Let A be the matrix whose determinant we want to compute and let A(k) be the matrix obtained after k steps of the condensation algorithm.

The matrix A(1) is computed as described in the overview:

a^{(1)}_{ij} = a_{ij} a_{i+1, j+1} - a_{i, j+1} a_{i+1, j}.

Starting with A(2) the terms are similar, except each 2×2 determinant is divided by an element from two steps back:

a^{(k+1)}_{ij} = \frac{1}{a^{(k-1)}_{i+1,j+1}}\left(a^{(k)}_{ij} a^{(k)}_{i+1, j+1} - a^{(k)}_{i, j+1} a^{(k)}_{i+1, j} \right)

Dodgson’s original paper from 1867 is quite readable, surprisingly so given that math notation and terminology changes over time.

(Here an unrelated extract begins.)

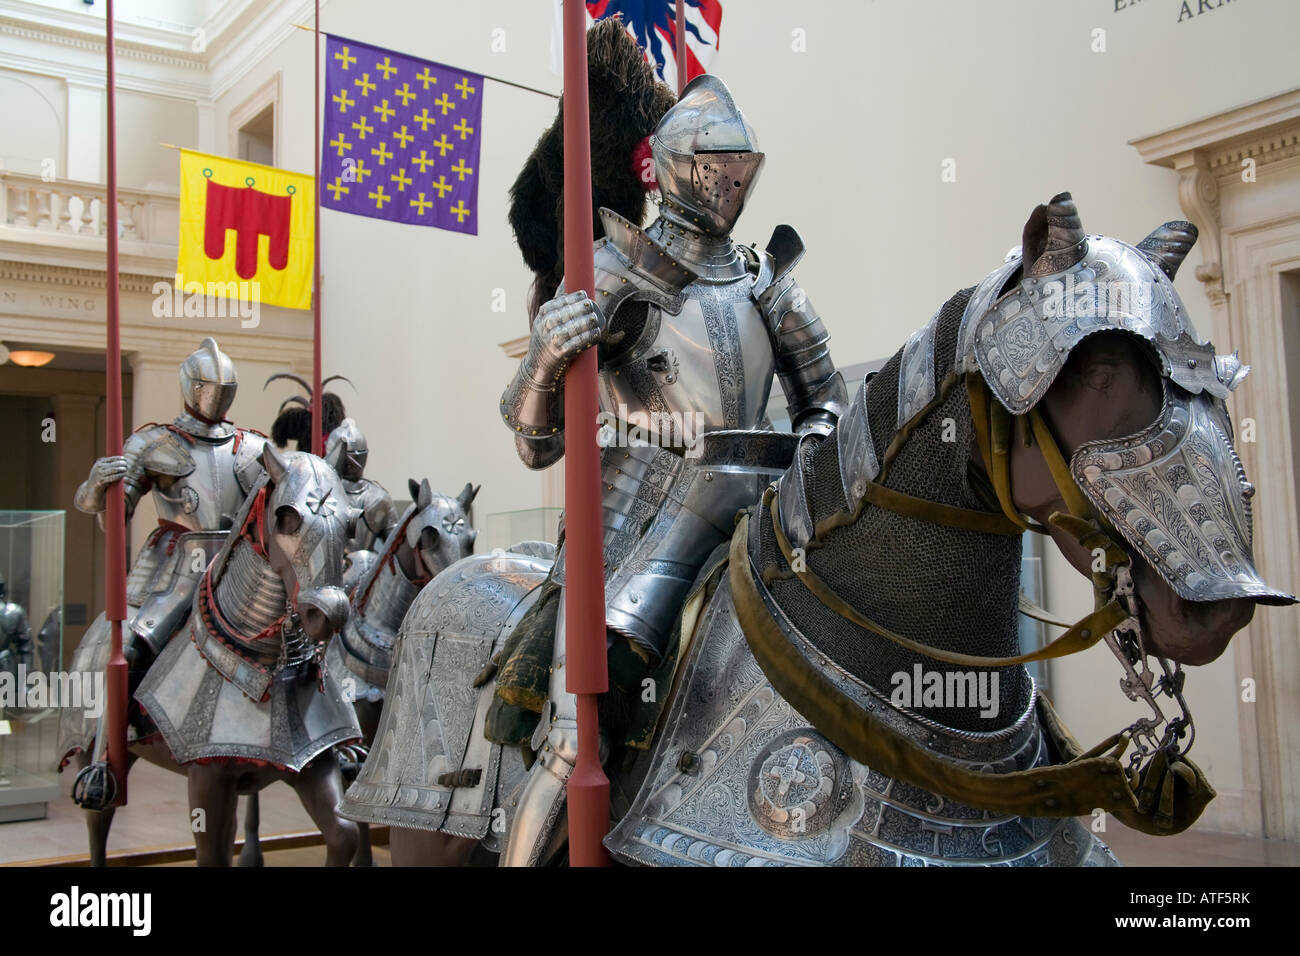 Arms and Armor, Metropolitan Museum of Art, Manhattan, New York - Stock Image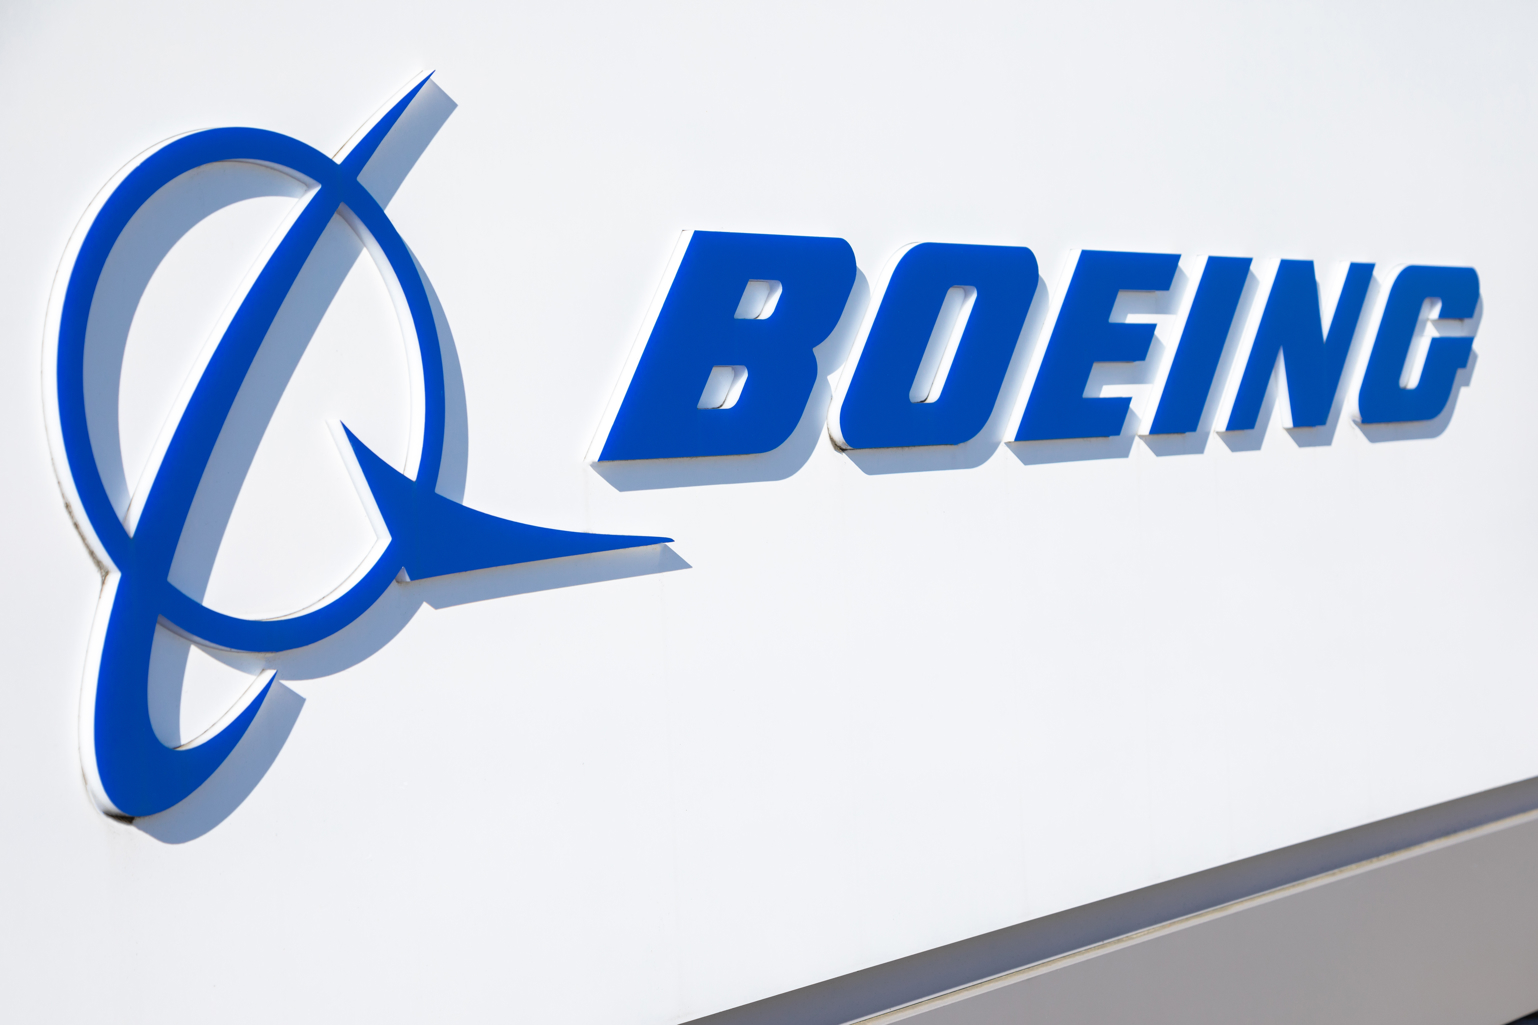 Boeing stock, BA stock, BA stock price, airplane stocks

One criticism I have of the paper is that it is hard to understand which element should be in the denominator, whether the subscripts should be i and j or i+1 and j+1. His first example doesn’t clarify this because these elements happen to be equal in the example.

Example

Here’s an example using condensation to find the determinant of a 4×4 matrix.

\begin{align*} A^{(0)} &= \begin{bmatrix} 3 & 1 & 4 & 1 \\ 5 & 9 & 2 & 6 \\ 0 & 7 & 1 & 0 \\ 2 & 0 & 2 & 3 \end{bmatrix} \\ A^{(1)} &= \begin{bmatrix} 22 &-34 & 22 \\ 35 & -5 &-6 \\ -14 & 14 & 3 \end{bmatrix} \\ A^{(2)} &= \begin{bmatrix} 120 & 157 \\ 60 & 69 \end{bmatrix} \\ A^{(3)} &= \begin{bmatrix} 228 \end{bmatrix} \end{align*}

We can verify this with Mathematica:

    Det[{{3, 1, 4, 1}, {5, 9, 2, 6}, 
         {0, 7, 1, 0}, {2, 0, 2, 3}}]

which also produces 228.

Division

The algorithm above involves a division and so we should avoid dividing by zero. Dodgson says to

Arrange the given block, if necessary, so that no ciphers [zeros] occur in its interior. This may be done either by transposing rows or columns, or by adding to certain rows the several terms of other rows multiplied by certain multipliers.

He expands on this remark and gives examples. I’m not sure whether this preparation is necessary only to avoid division by zero, but it does avoid the problem of dividing by a zero.

If the original matrix has all integer entries, then the division in Dodgson’s condensation algorithm is exact. The sequence of matrices produced by the algorithm will all have integer entries.

Efficiency

Students usually learn cofactor expansion as their first method of calculating determinants. This rule is easy to explain, but inefficient since the number of steps required is O(n!).

The more efficient way to compute determinants is by Gaussian elimination with partial pivoting. As with condensation, one must avoid dividing by zero, hence the partial pivoting.

Gaussian elimination takes O(n³) operations, and so does Dodgson’s condensation algorithm. Condensation is easy to teach and easy to carry out by hand, but unlike cofactor expansion it scales well.

If a matrix has all integer entries, Gaussian elimination can produce non-integer values in intermediate steps. Condensation does not. Also, condensation is inherently parallelizable: each of the 2 × 2 determinants can be calculated simultaneously.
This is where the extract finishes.